STOMP, PFAS, and the Shift from Filtration to Degradation

Last week, the federal government made an important — if understated — move in the evolving contaminant landscape.

The U.S. Department of Health and Human Services, via ARPA‑H, announced STOMP (Systematic Targeting of Microplastics), a $144 million initiative focused on measuring, understanding, and ultimately removing microplastics from the human body. The announcement coincided with EPA’s release of its Draft Sixth Contaminant Candidate List (CCL‑6), which for the first time includes microplastics alongside PFAS, pharmaceuticals, and disinfection byproducts as priority contaminant groups (EPA & HHS, April 2026).

This pairing matters.

Both PFAS and microplastics share a core problem: they are persistent, mobile, bioaccumulative — and not effectively addressed by conventional filtration or treatment systems.

STOMP explicitly recognizes this limitation. Rather than focusing on capture or containment, the program prioritizes measurement, mechanism, and removal — a shift toward understanding how persistent contaminants move, accumulate, and can be chemically altered rather than simply displaced (ARPA‑H STOMP program, 2026).

That shift mirrors what decades of wetland science have already demonstrated.

Natural and constructed wetlands support redox‑driven, microbial, and biogeochemical processes capable of transforming persistent contaminants at the molecular level. These systems rely on time, chemistry, and biology, not screens or membranes — emphasizing degradation over sequestration and reducing long‑term environmental and regulatory liability.

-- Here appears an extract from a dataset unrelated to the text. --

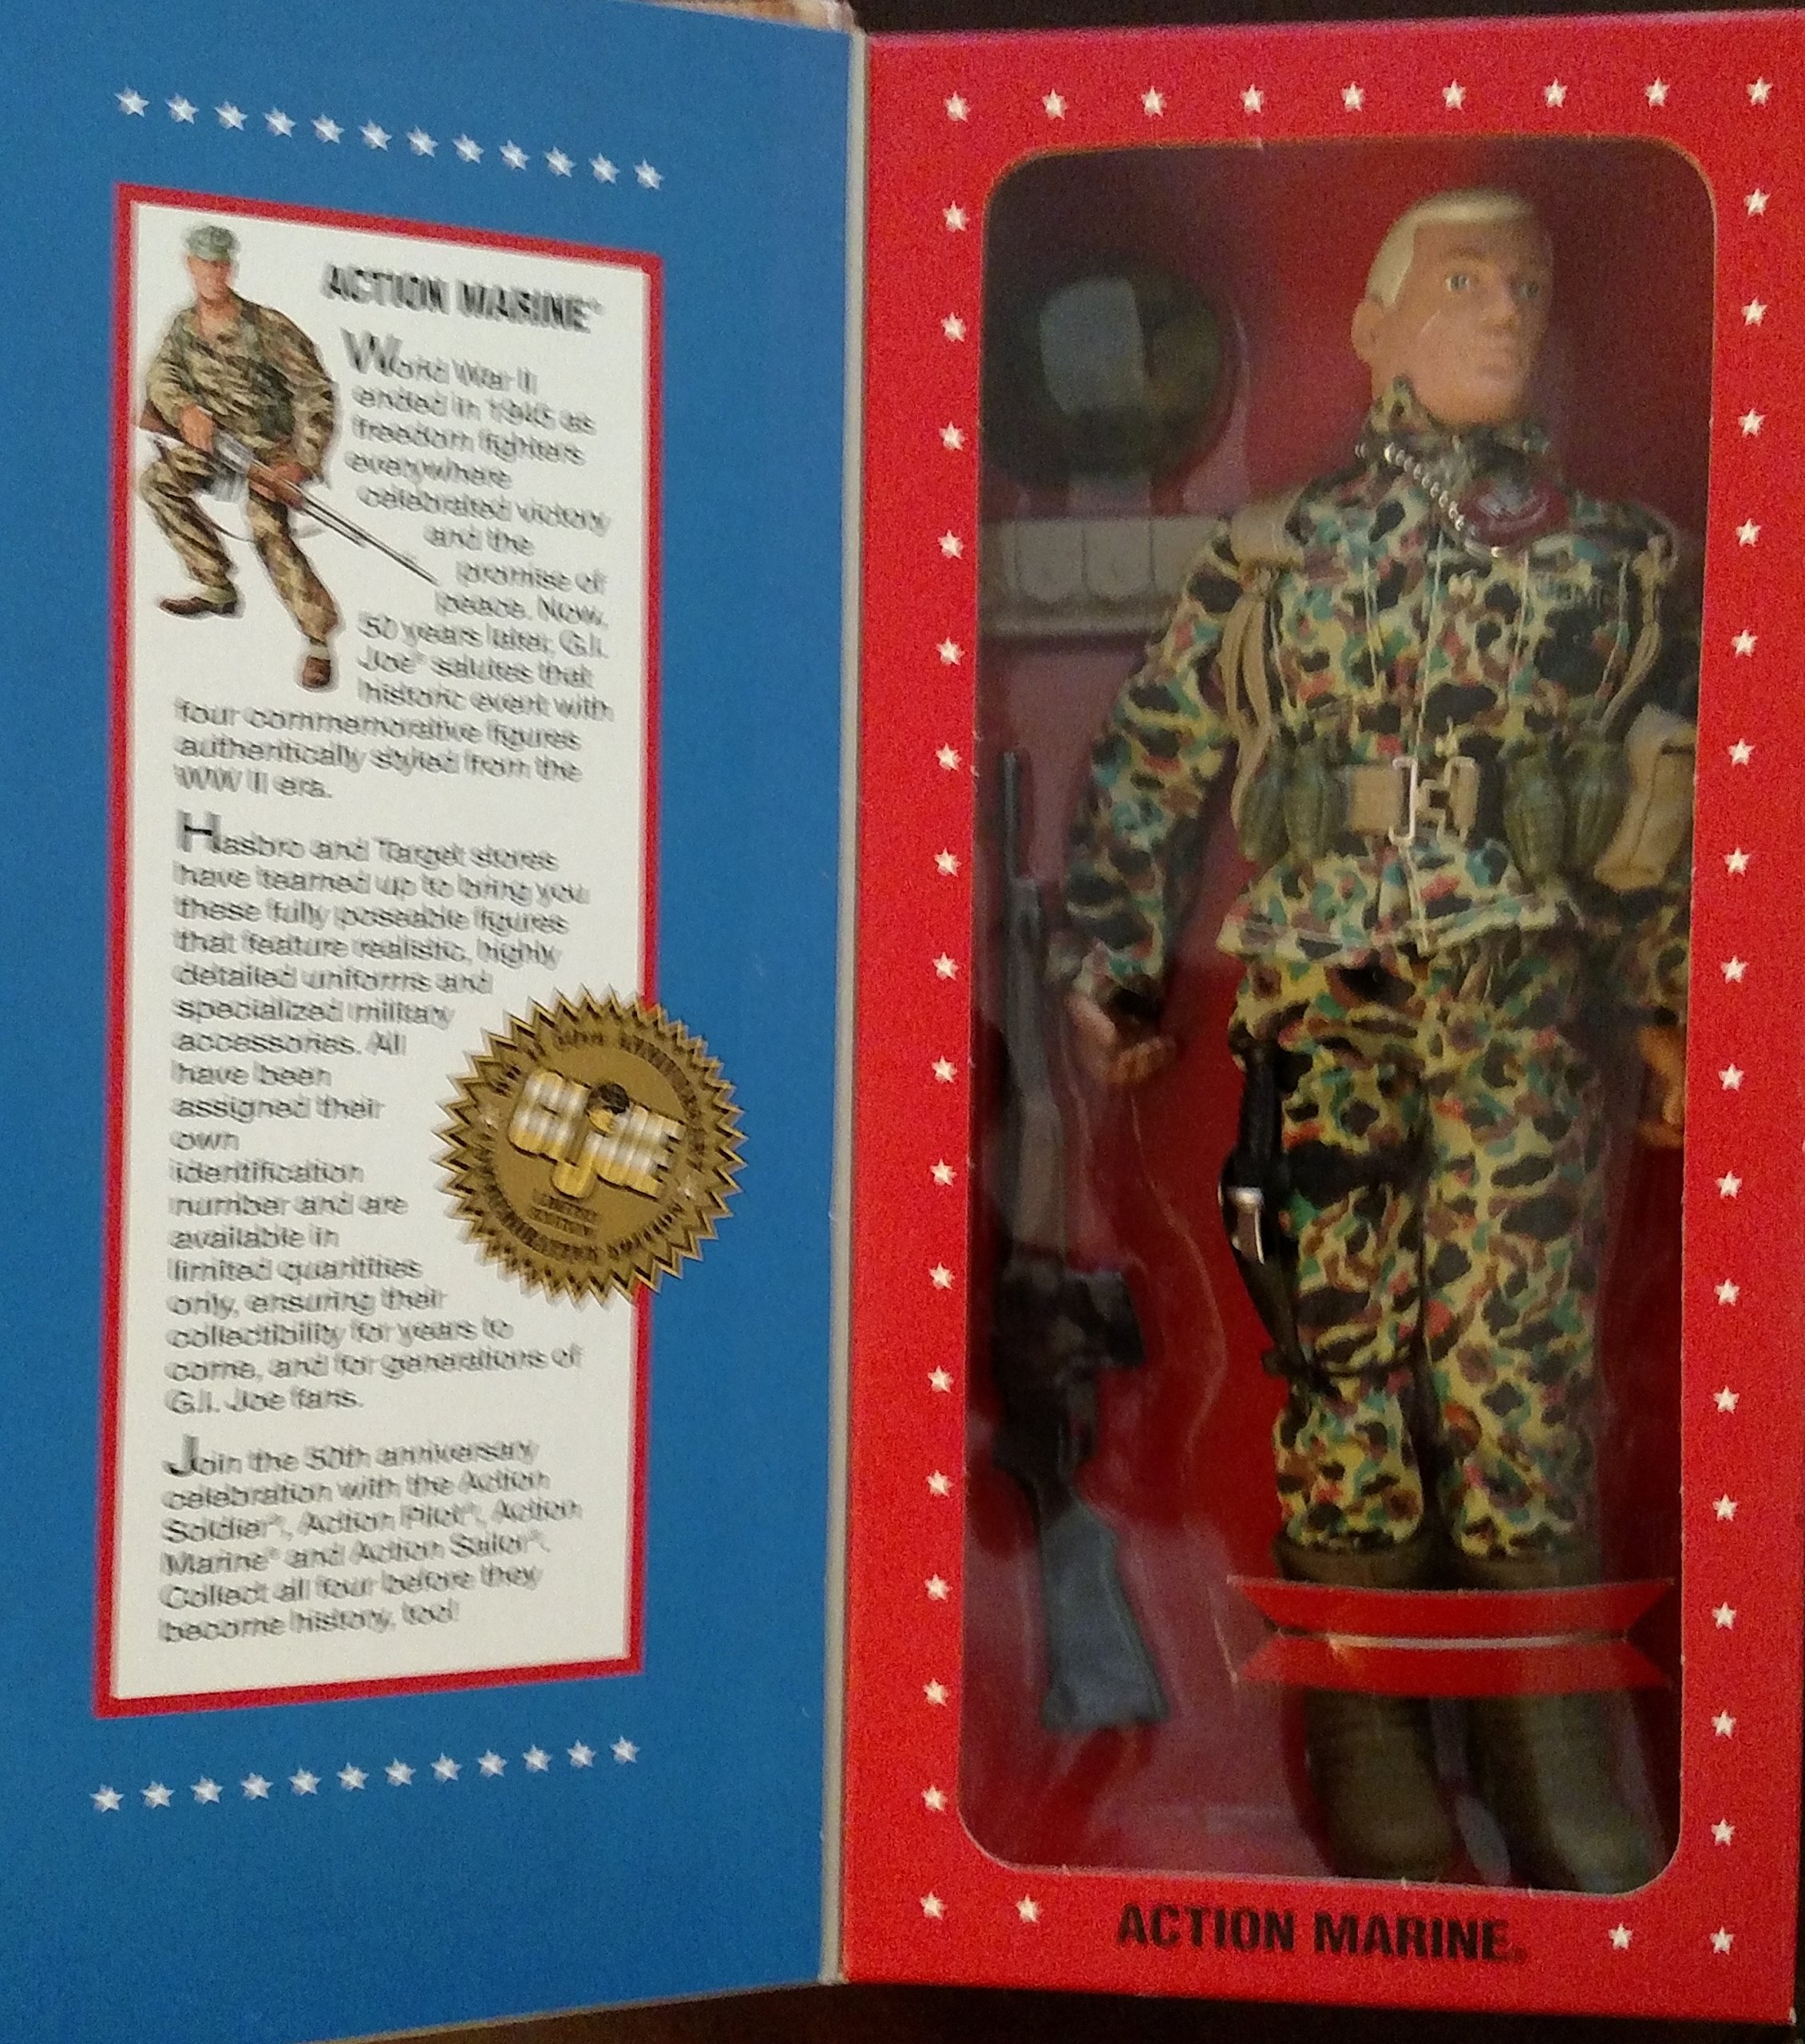 ハズブロ 30cm GI Joe Action Marine Action Figure WWII 50th Anniversary Numbered Commemorative Edition Hasbro 1995 送

EPA’s inclusion of microplastics on CCL‑6, alongside PFAS, does not immediately regulate either. But it does signal trajectory: expanded monitoring, accelerated research, and the groundwork for future standards under the Safe Drinking Water Act (EPA CCL‑6 materials, 2026).

In short: PFAS and microplastics are now policy cousins, and the federal conversation is slowly shifting from “How do we filter these out?” to “How do we actually break them down?”

STOMP doesn’t replace wetland‑based solutions — it validates them.

At Wetland Extent Landward (WEL) and Just Add Wetlands (JAW), we see this moment as science catching up to systems that have been quietly managing complex chemistry for millennia.

The future of contaminant management isn’t just engineered — it’s ecological.